One common use case of lambda involves filtering or transforming objects in a list. Suppose you need to filter a list of numbers for its even numbers. We could do that with the following:

def is_even(number):
"""Check if a number is even."""
return number % 2 == 0

numbers = [1, 2, 3, 4, 5, 6, 7, 8, 9, 10]
even_numbers = list(filter(is_even, numbers))
print(even_numbers)

Or we could use lambda expressions:

numbers = [1, 2, 3, 4, 5, 6, 7, 8, 9, 10]
even_numbers = list(filter(lambda x: x % 2 == 0, numbers))
print(even_numbers)

Scenario 2- sorting with a key

Another common use case is sorting a container based on a condition or element within it. Suppose you have a list of tuples representing people and their ages, and you want to sort this list by age. We could do that with the following:

def get_age(person):
"""Return the age of the person."""
return person[1]

people = [("Alice", 32), ("Bob", 15), ("Catherine", 29)]
sorted_people = sorted(people, key=get_age)
print(sorted_people)

Or could we use lambda expressions:

people = [("Alice", 32), ("Bob", 15), ("Catherine", 29)]
sorted_people = sorted(people, key=lambda person: person[1])
print(sorted_people)

Conclusion

These examples show what lambda expressions excel at- they're incredibly useful for quick data transformations, filtering operations, or applying a simple function over a sequence.

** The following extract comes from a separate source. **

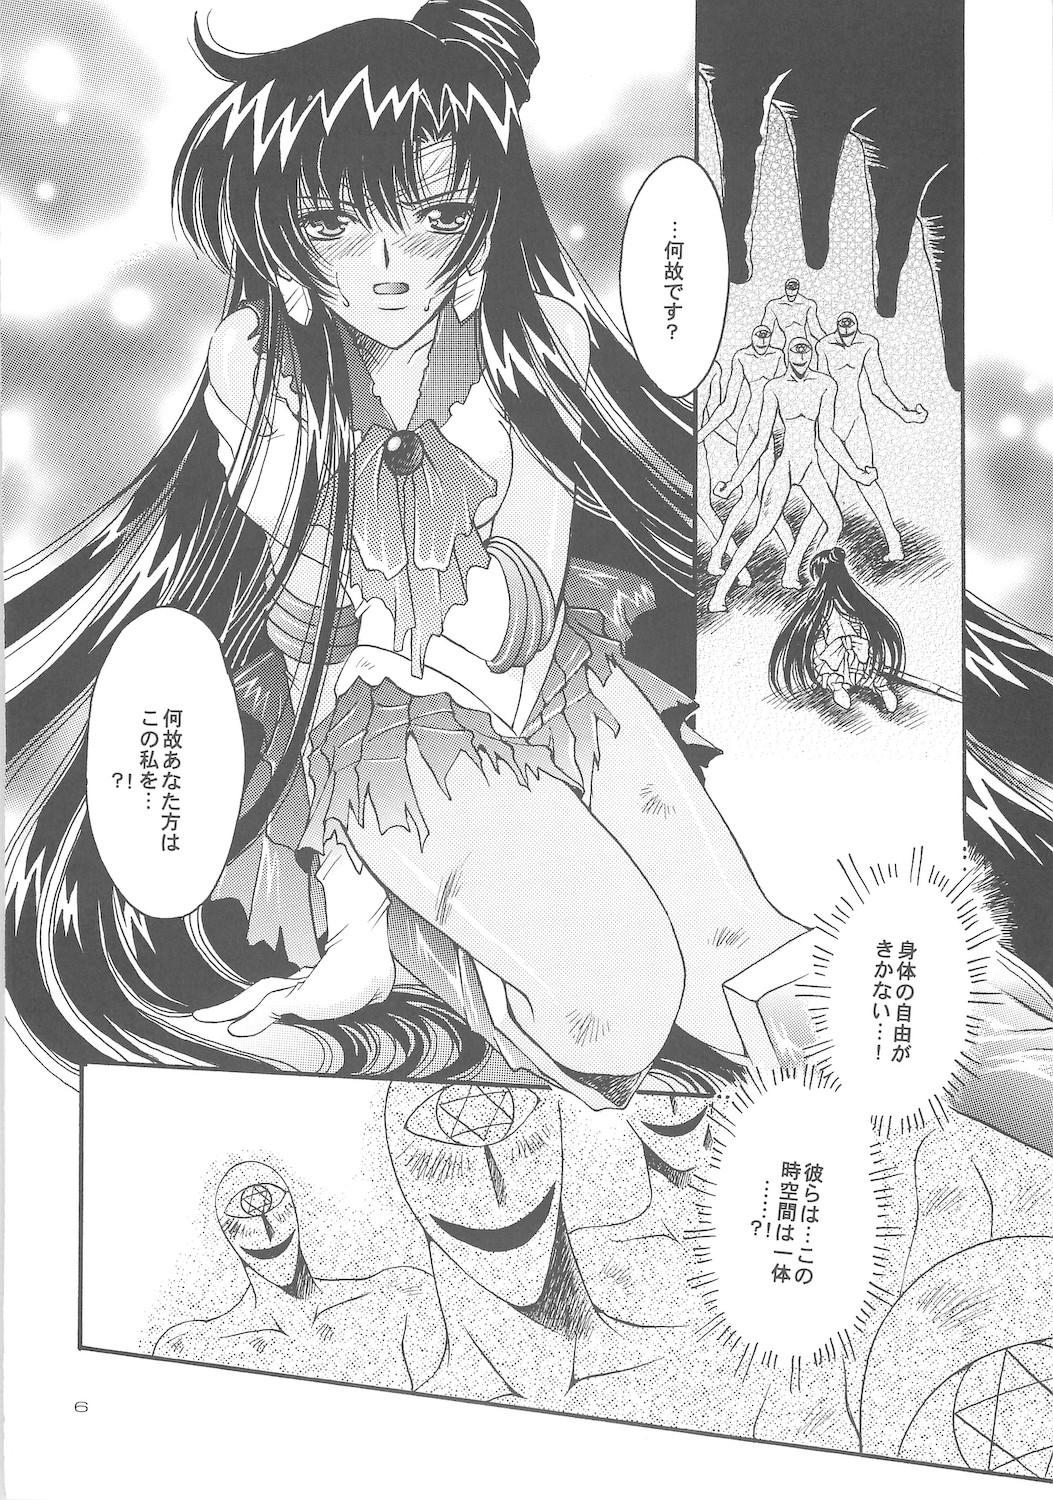 Spread Owaru Sekai dai 4 shou - Sailor moon Studs - Page 6

However, it's important to remember that while lambda expressions are powerful and convenient for simple operations, they are not suited for complex functions that would benefit from the clarity provided by a named function definition. The power of lambda expressions lies in its simplicity.

In summary, lambda expressions are a valuable tool in the Python programmer's toolkit, enabling efficient, readable, and elegant coding for a wide range of simple, single-use function scenarios.